Highlights & Insights

  • "Examine the data before writing the query" is a highly practical and intuitive strategy that emulates the workflow of a human data analyst.
  • Rule-based verification as a form of "test cases" for SQL is a clever analogy — SQL naturally lacks test cases, yet the question itself encodes verifiable constraints.
  • The pattern-matching rules for 10 constraint categories are simple yet effective, reflecting an engineering philosophy of preferring straightforward solutions.

Limitations & Future Work

  • Rule-based verification covers only 10 constraint categories; complex semantic constraints still rely on LLM understanding.
  • A maximum of 5 probing rounds may be insufficient for very complex databases.
  • Evaluation is conducted exclusively on the BIRD benchmark family.
  • Probing queries may expose sensitive data.
  • vs. TS-SQL: TS-SQL uses LLMs to generate test cases for verification; PV-SQL's rule-based verification is more reliable and lightweight.
  • vs.
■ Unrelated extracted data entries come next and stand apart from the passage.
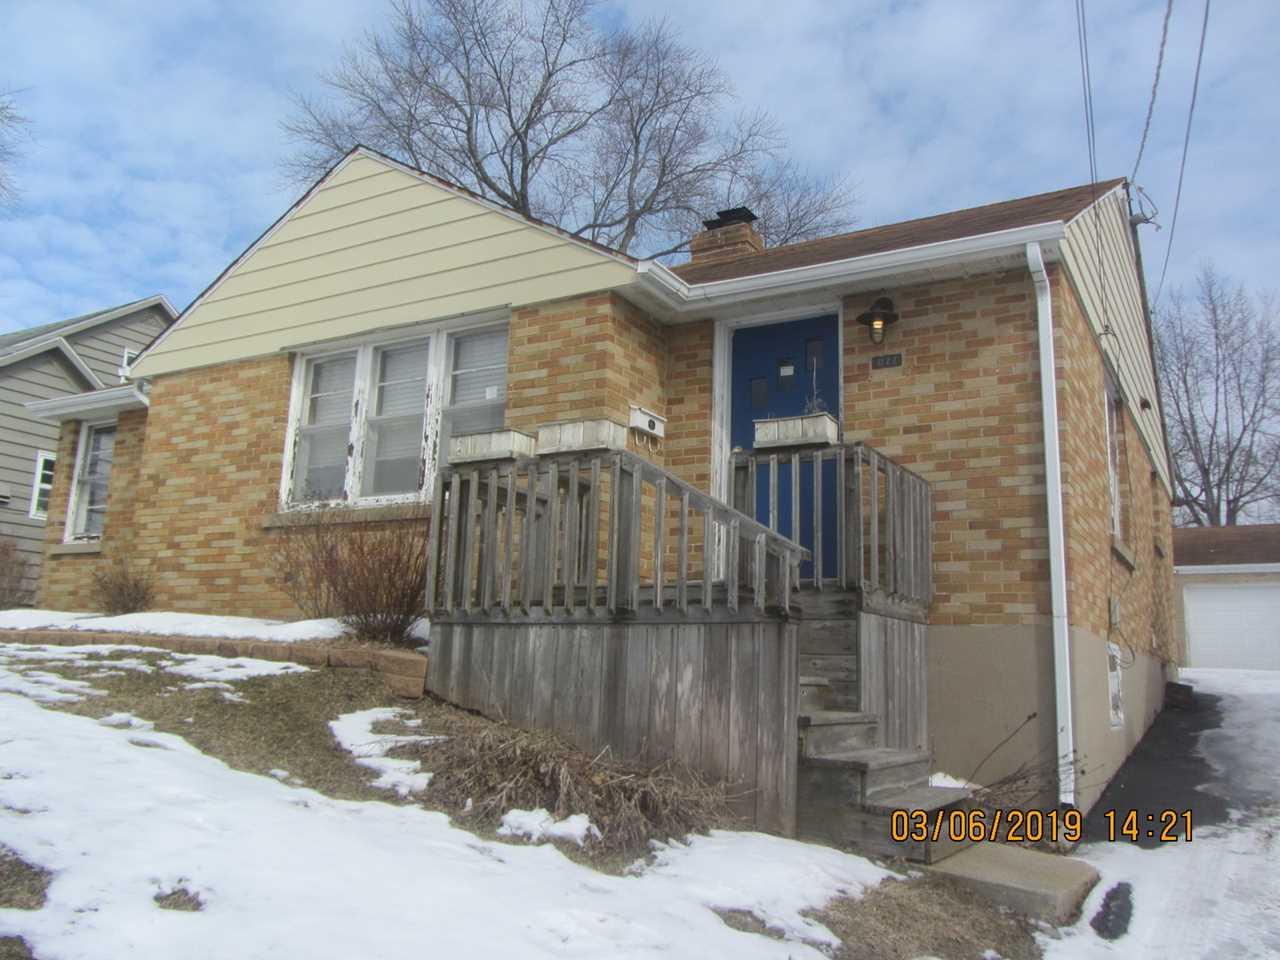 611 Putnam Ave Woodstock, IL 60098 | MLS 10305113 Photo 1
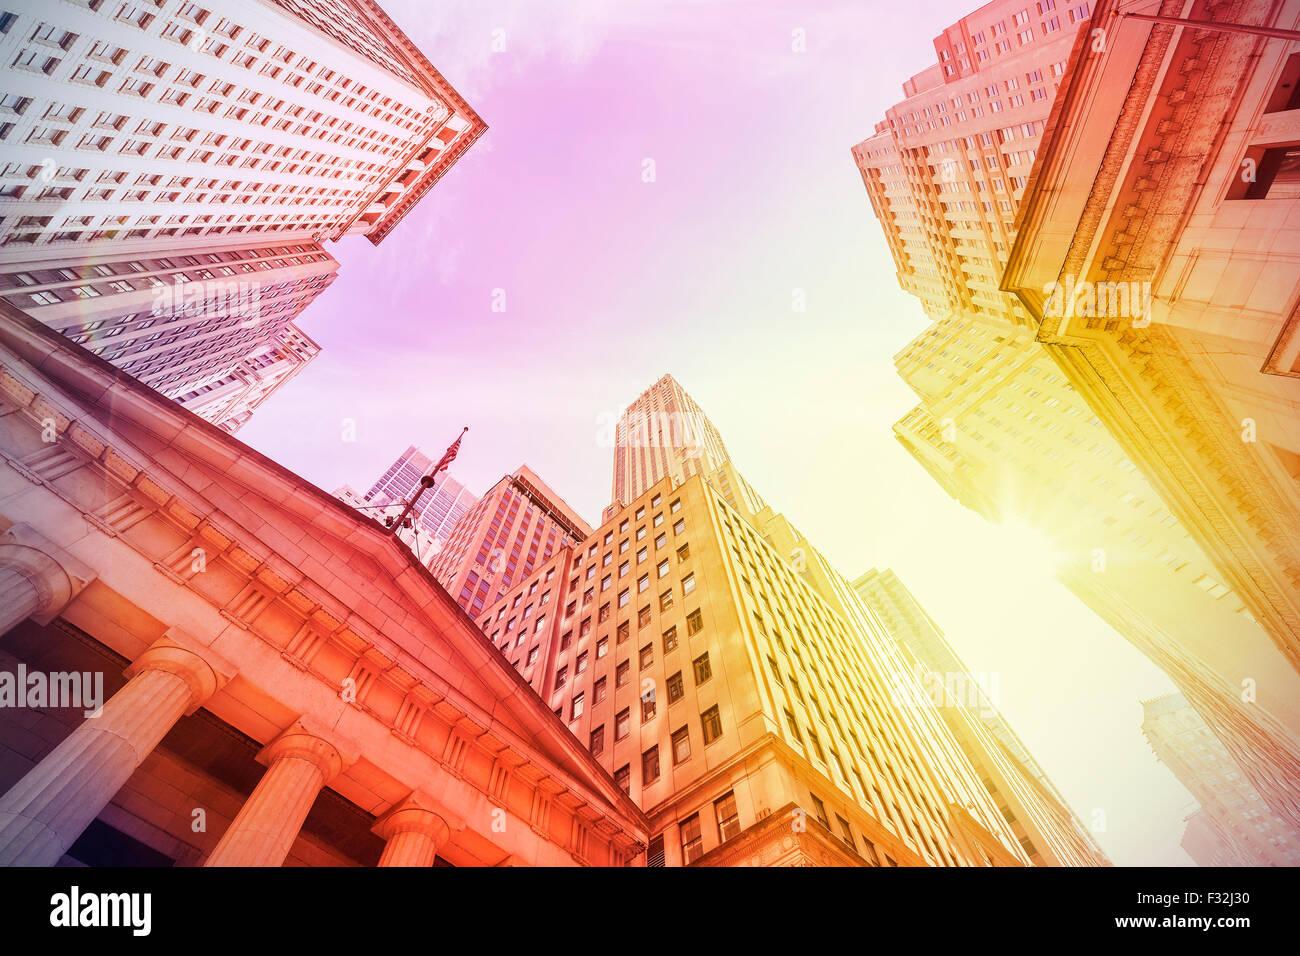 Instagram Vintage Wall Street filtrée au coucher du soleil, Manhattan, New York City, USA. Photo Stock
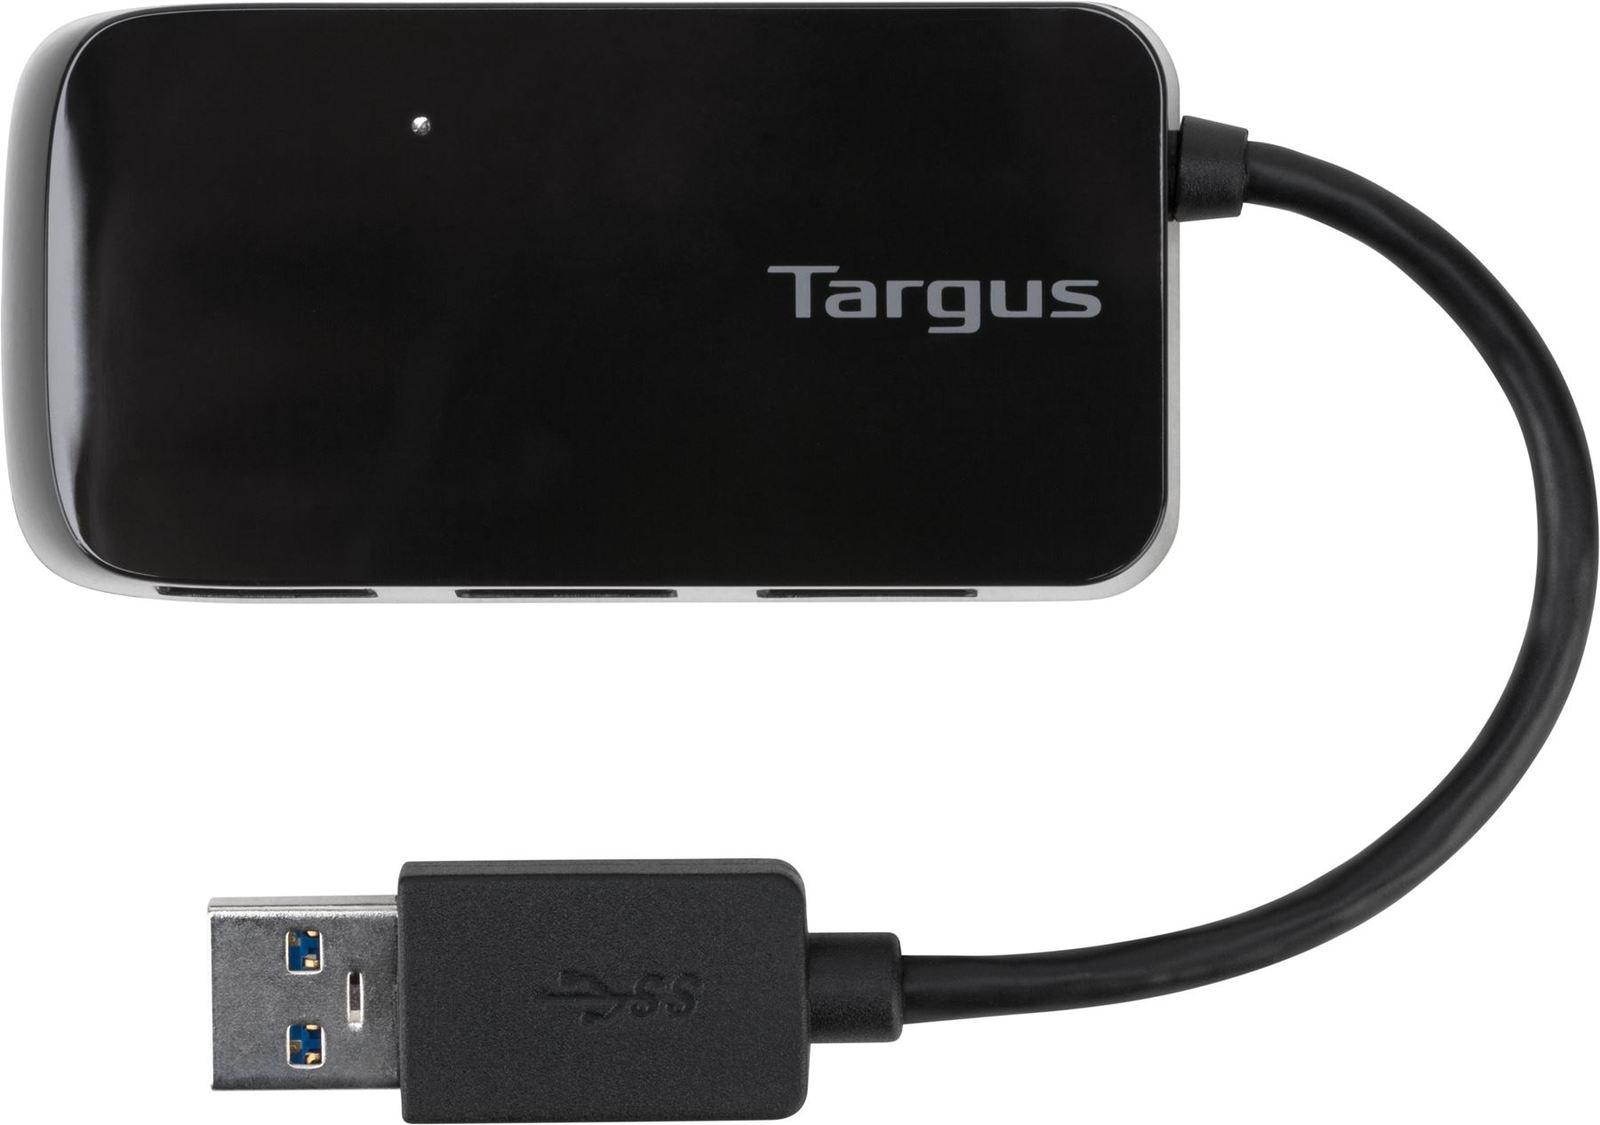 Targus: USB 3.0 4-Port Hub image
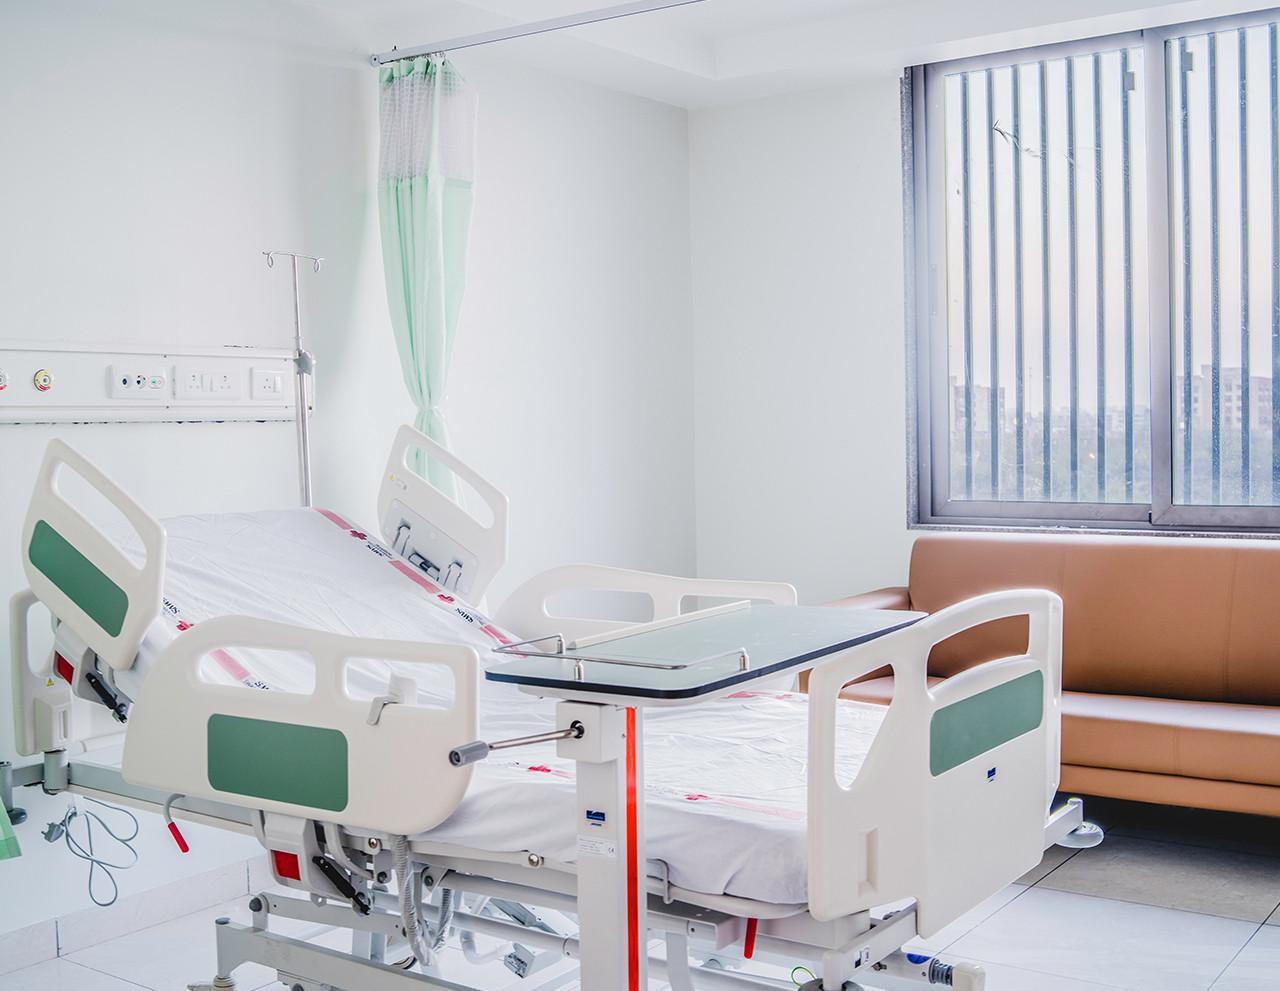 SMVS Hospital_11.jpg
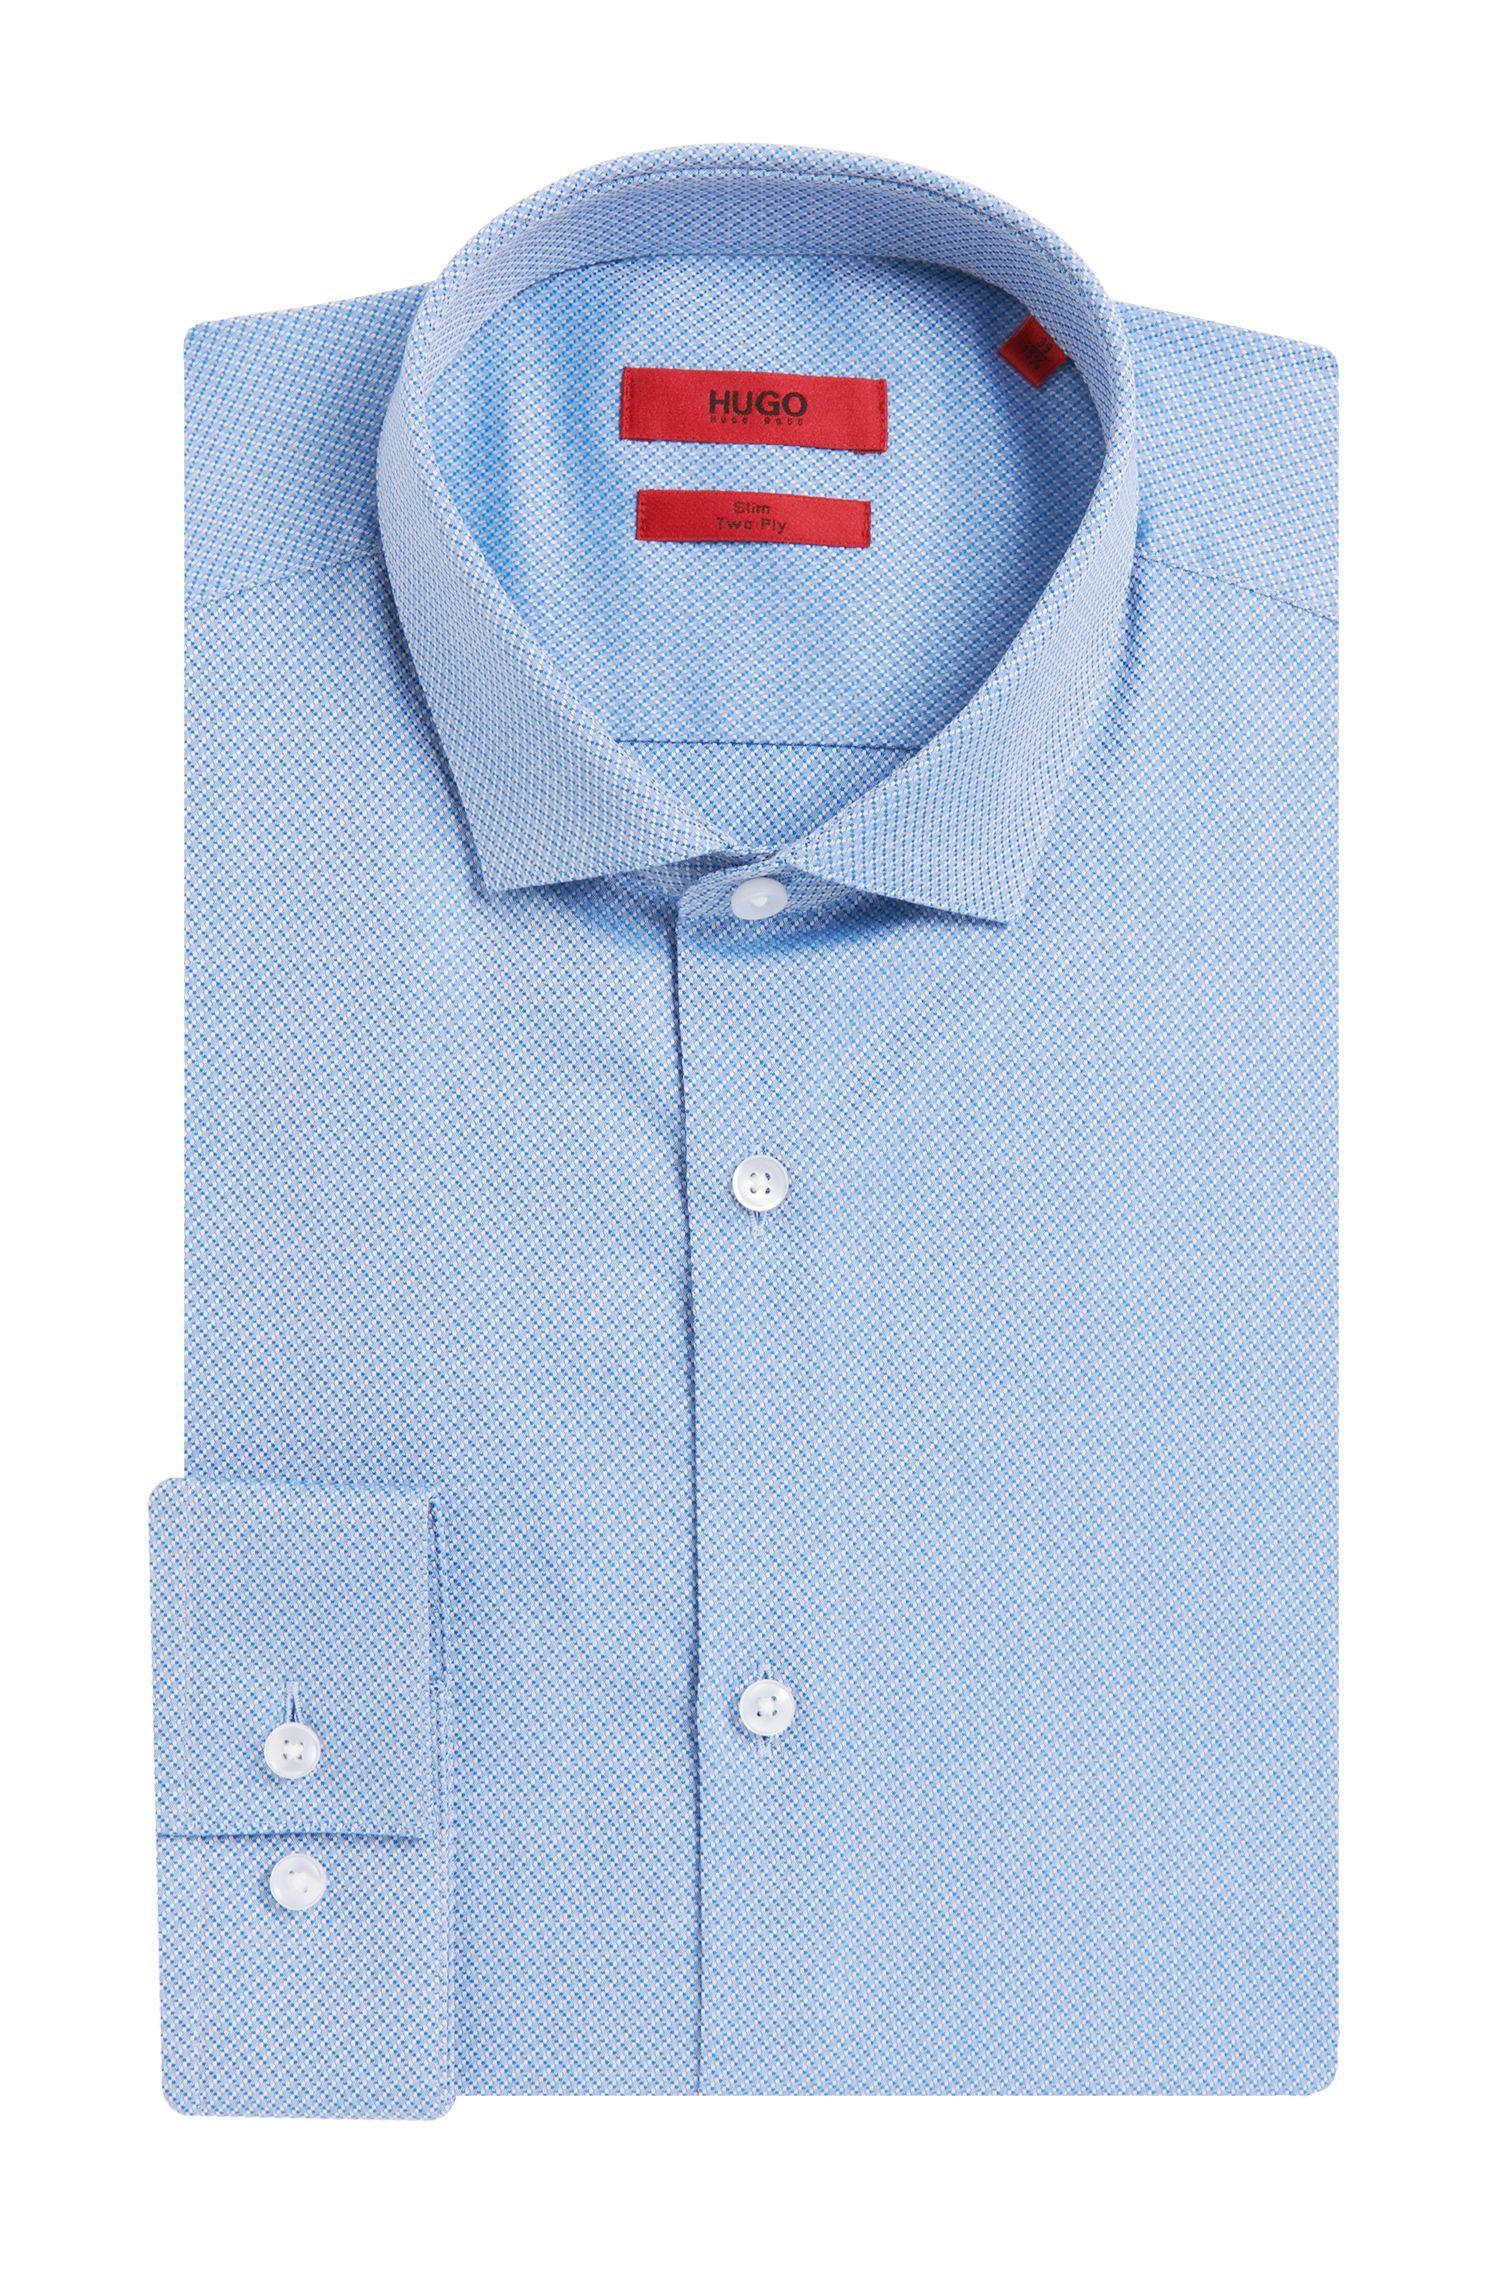 'Erondo'   Slim Fit, 2-Ply Cotton Dress Shirt

DIN-SQL: DIN-SQL decomposes questions but does not probe the database; PV-SQL adds a database understanding dimension.
  • vs. MAC-SQL: MAC-SQL employs a multi-agent framework but lacks an explicit verification mechanism.

Rating

  • Novelty: ⭐⭐⭐⭐ The complementary Probe+Verify design is novel; the rule-based verification angle is practically motivated.
  • Experimental Thoroughness: ⭐⭐⭐⭐⭐ 7 baselines + 6 LLMs + 3 benchmarks + detailed ablation + error analysis.
  • Writing Quality: ⭐⭐⭐⭐⭐ Problem-driven narrative with clear motivation and vivid examples.
  • Value: ⭐⭐⭐⭐⭐ Directly advances the practical deployment of Text-to-SQL systems.